Pre-quantized model with qint8 weights seems to be decimal

chenxj · December 6, 2022, 8:43am

>>> a["features.16.conv.1.0.weight"]
tensor([[[[ 1.6094,  2.3566,  1.6094],
          [ 1.0921,  0.2874,  1.0921],
          [ 0.5173, -1.2071,  0.1724]]],


        [[[ 0.4598,  0.2299,  0.4598],
          [ 0.3449,  2.2417,  0.5748],
          [ 0.4598,  0.7472,  0.4024]]],


        [[[ 1.3795, -0.4598, -0.6897],
          [ 2.1842, -0.8622, -1.1496],
          [ 1.0346, -0.8047, -0.7472]]],


        ...,


        [[[-0.8622, -1.6669, -0.9771],
          [ 0.5173, -0.6897,  0.7472],
          [ 0.8622,  2.1842,  0.9771]]],


        [[[ 0.4024, -0.3449,  0.4598],
          [-0.0575, -1.1496,  0.0000],
          [ 1.2071, -0.5748,  1.2071]]],


        [[[ 0.1724,  0.4598,  0.2299],
          [ 0.2299,  1.5519,  0.3449],
          [ 0.4598,  0.4598,  0.4598]]]], size=(960, 1, 3, 3),
       dtype=torch.qint8, quantization_scheme=torch.per_tensor_affine,
       scale=0.05747907608747482, zero_point=0)

but a[“features.16.conv.1.0.weight”][0, 0, 0, 1].item() is 2.
Anyone can explain this observation? Thanks.

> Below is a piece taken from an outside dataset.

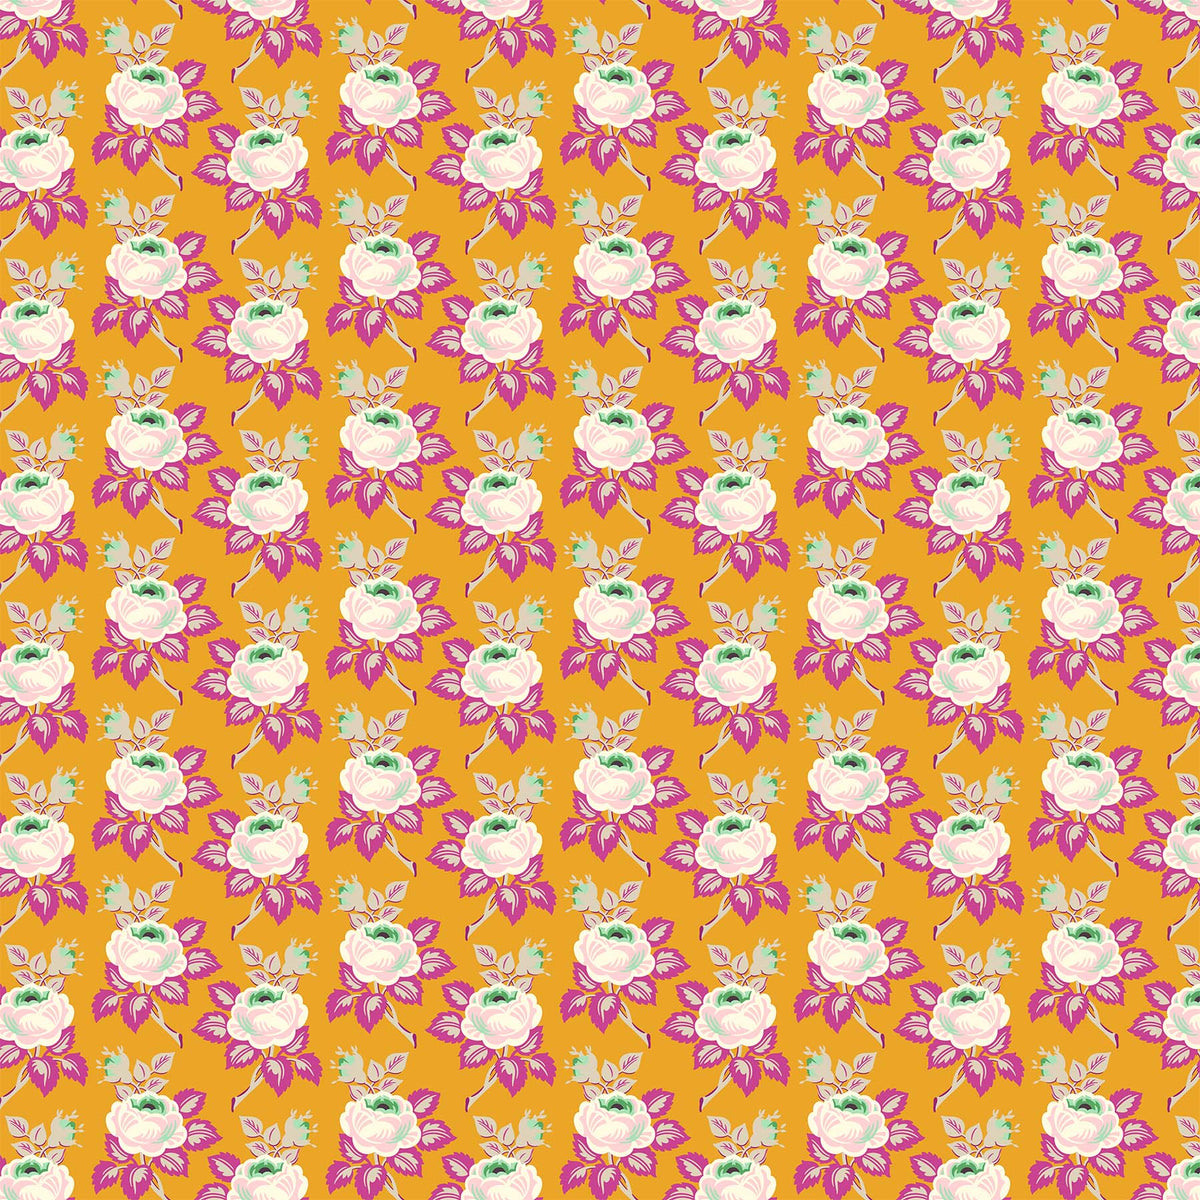 Local Honey Quilt Fabric - Sweet Roses in Honey Gold - 90661-55

Vasiliy_Kuznetsov · December 7, 2022, 5:37pm

Quantized tensors represent values in the floating point domain. When you print a quantized tensor, the printed values by PyTorch are the fp32 values that your quantized tensor represents.

When you print a[“features.16.conv.1.0.weight”][0, 0, 0, 1].item(), you are looking at the raw value which needs to then be transformed with fp = float(q - zp) * scale to convert to the floating point domain.